There are two main failures of considering governance too narrowly (as a single law, policy, or other coercive measure to ensure scientists ‘behave responsibly’). The first one is, as noted above, that it draws an artificial boundary around what ‘science and technology’ is: a boundary that tends to exclude the social and the political, seeing these instead as distinct realms into which technologies are injected or deployed. Instead, we need to acknowledge—and need our governance to acknowledge—that what we are looking at are sociotechnical systems,17 where cross-pollination exists at every stage. Understanding these different levels of scientific governance is of utmost importance when thinking about existential risks because addressing these types of risk will require a combination of rules, norms, scientific vision, and an appreciation of the ways in which ‘the social’ and ‘the scientific’ constantly influence each other. Second, a narrow framing of scientific governance—in part a result of a too-narrow framing of science and technology—positions it solely as a gatekeeper. Viewing governance instead as a mechanism for steering allows us to harness the best of scientific and technological advances, while remaining mindful of the potential risks. However, this is not an easy path to tread; in the remainder of this chapter, I explore some of the reasons why, and propose some ways forward.

Responsibility for understanding and tackling existential risks is dispersed among a great many actors: how much of it is the responsibility of ‘the scientific community’? The way ‘the scientific community’ is organised and how it operates is obviously a vast subject of study in and of itself, and outside the remit of this volume. A simplified (but by no means simple) view is that it involves myriad actors and institutions: governments and funders, the academy, the various institutions that ‘house’ the research, companies, industries and sectors, professional bodies that set standards and award qualifications, non-governmental organisations, international partnerships and coalitions and, of course, individual scientists and technology developers themselves.

A canonical example of a community’s scientific self-governance is the Asilomar Conference on Recombinant DNA, which was prompted by a series of genetics experiments in the early 1970s.
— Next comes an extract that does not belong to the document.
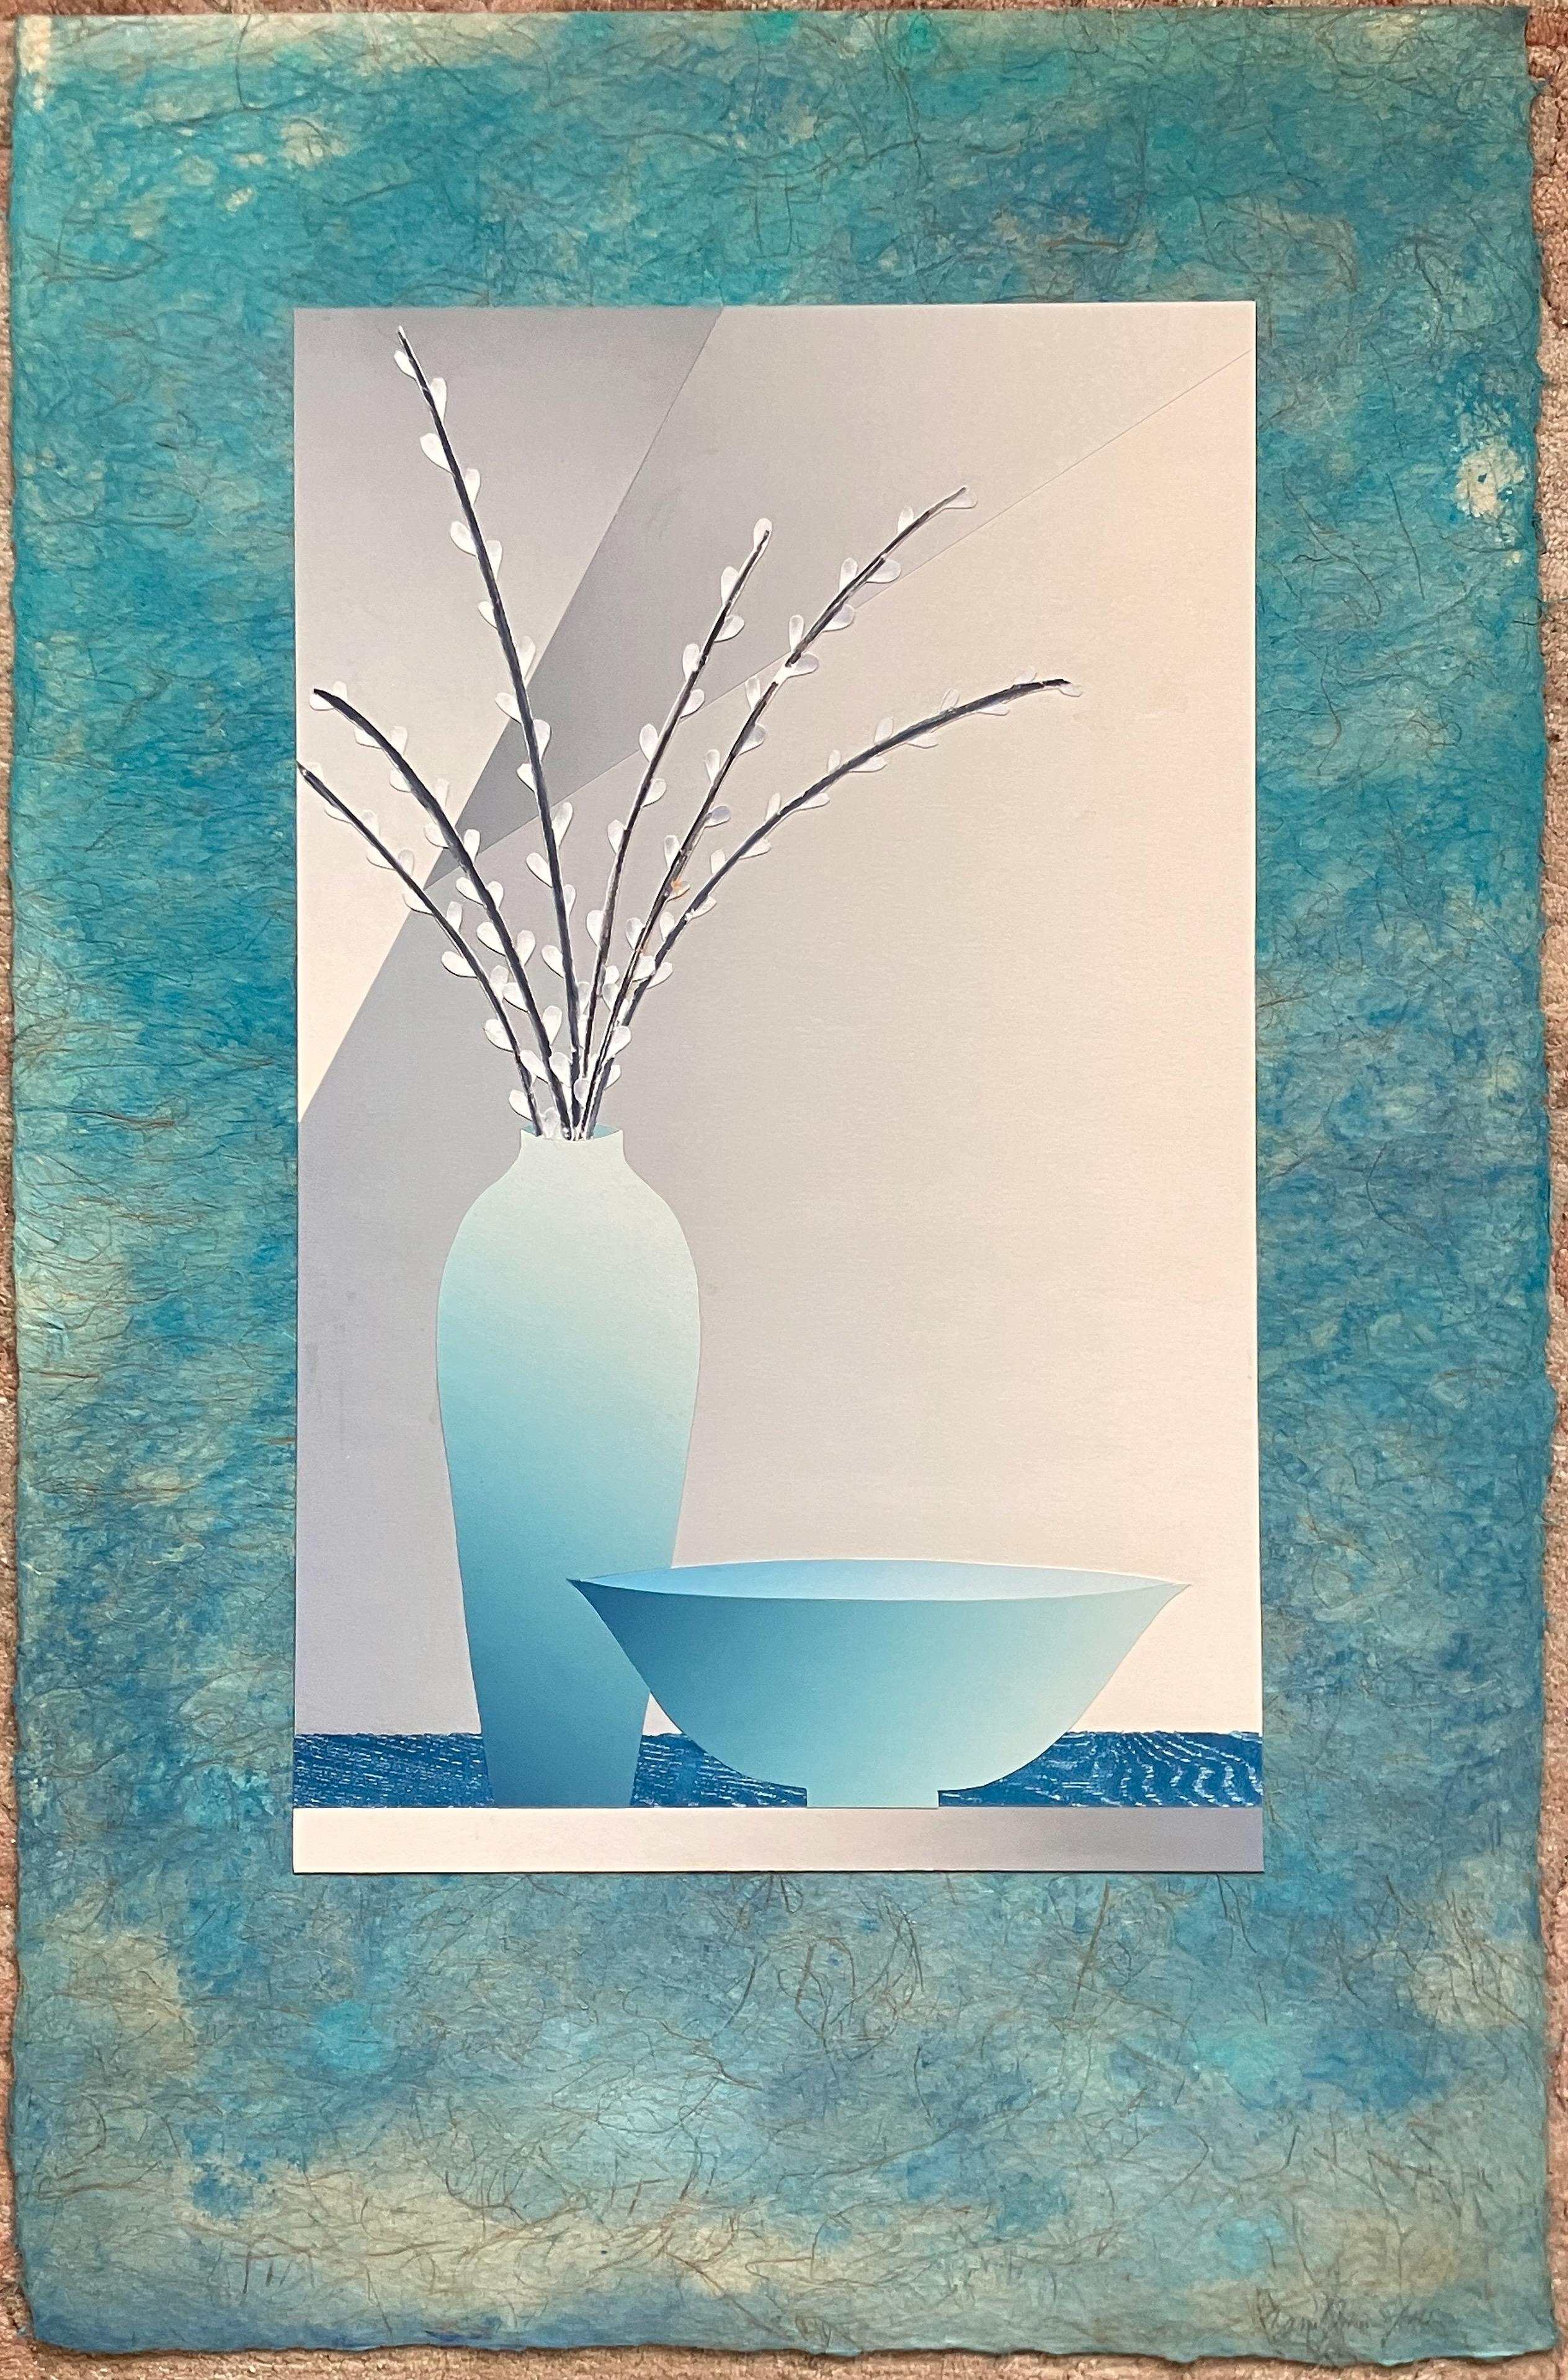 Willows in Vase - Still Life - Mixed Media Art by Daniel Joshua Goldstein

Experiments done in the laboratory of Paul Berg at Stanford demonstrated that DNA molecules could be ‘recombined’ using restriction enzymes to join them together. Experiments by Stanley Cohen, also at Stanford, and Herbert Boyer at the University of California, San Francisco demonstrated that recombinant (artificially constructed) plasmids (circular molecules of DNA that can replicate independently of chromosomes) could be propagated in bacterial cells. Presentation of this work at a 1973 Gordon Conference, along with informal conversations between colleagues, then prompted the publication of a letter to the heads of the National Academies of Science and the National Academy of Medicine, published in the journal Science. This letter was written “on behalf of a number of scientists to communicate a matter of deep concern”,18 namely the newfound ability to recombine DNA from diverse genetic sources. The letter noted that: “Although no hazard has yet been established, prudence suggests that the potential hazard be seriously considered”,19 and called upon the Academies to set up study committees and consider establishing guidelines.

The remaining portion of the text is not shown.